The MORIS device attaches to the back of an iPhone, adding roughly 1.75 inches to the thickness of the smartphone. Police officers armed with the tool can take a photo of a person’s face from about five feet away, or scan his or her iris from about six inches, and wirelessly beam that data to law enforcement databases elsewhere to look for a match. It can also perform remote fingerprint matching.

Similar biometric technology has been deployed by the U.S. military in places like Iraq and Afghanistan to confirm the identities of civilians entering military safe zones and to search for known insurgents at checkpoints. But rolling it out in the streets of the U.S. has plenty of people concerned with privacy and Constitutional issues.

The technology lives in a somewhat gray area of the law. It’s generally permissible to take a photo of anyone in a public space, but when a law enforcement agent does so–and especially when he or she then cross references it against a criminal database–that could constitute a search, and therefore should require a warrant.

It’s another one of those situations where technology has simply outpaced the law ( you would think Ben Franklin of all people would’ve seen mobile facial recognition software coming). So while it would be nice to turn to legal precedent here, there simply is none.

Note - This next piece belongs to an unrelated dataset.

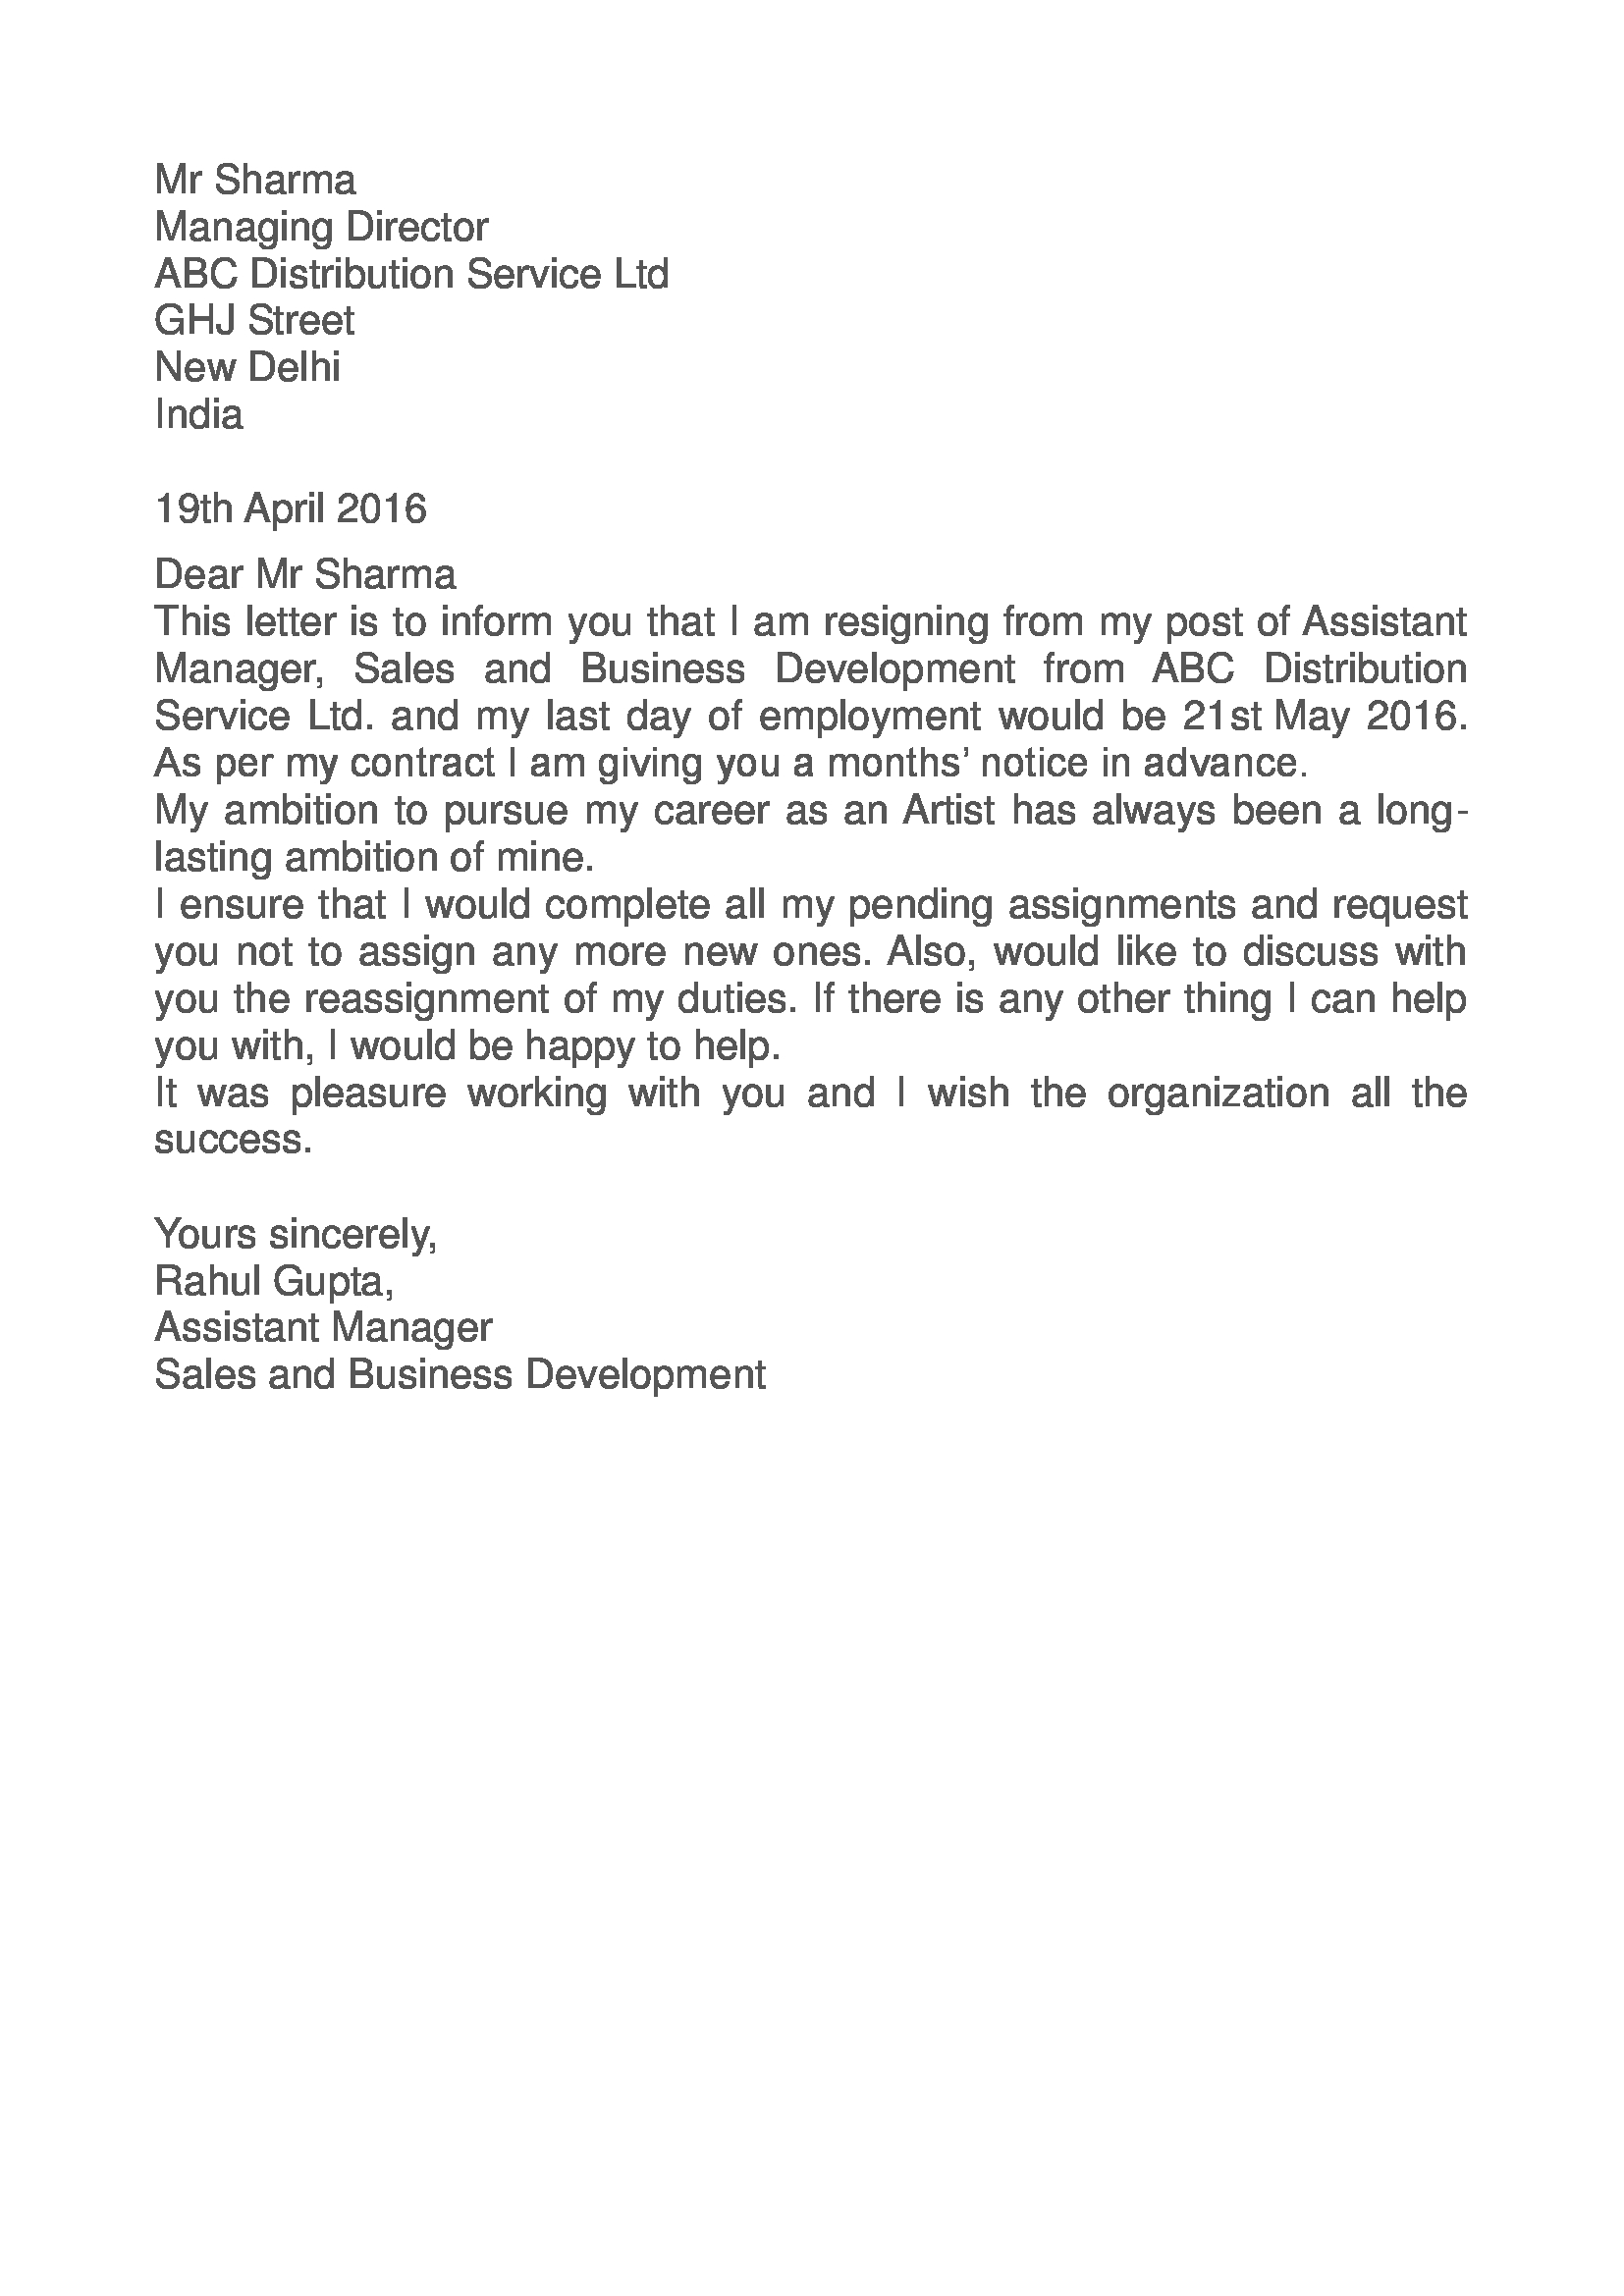 View 24 Resignation Letter Sample For Hotel Job

Nonetheless, BI2 has deals with about 40 agencies nationwide to deliver about 1,000 of the devices starting in September. From a law enforcement standpoint, police officers seem to like it. It’s a technology that lets them get to the bottom of a situation quickly. Moreover, in the technology’s defense, it’s tough to use MORIS to abuse a person’s rights if an officer is not already in the process of abusing them.

In an interview with BI2’s chief executive Sean Mullin last year, he told PopSci that the responses of privacy groups and civil liberties advocates are entirely appropriate, but that he thinks the technology passes legal muster. The facial recognition technology requires a frontal facial image taken from close proximity, he says–in other words, it requires consent. Iris scans are practically impossible without the subject’s cooperation, as are fingerprint scans. Besides, the alternative when a police officer can’t confirm a suspect’s identity is generally a trip downtown to sort it out. MORIS simplifies that process.

Whether or not that’s enough to satisfy the privacy rights crowd–and the law–remains to be seen. How this kind of technology is treated by the law now will set the precedent for when the technology becomes more robust–and perhaps more long-range, more surreptitious, and potentially more “Big Brother.”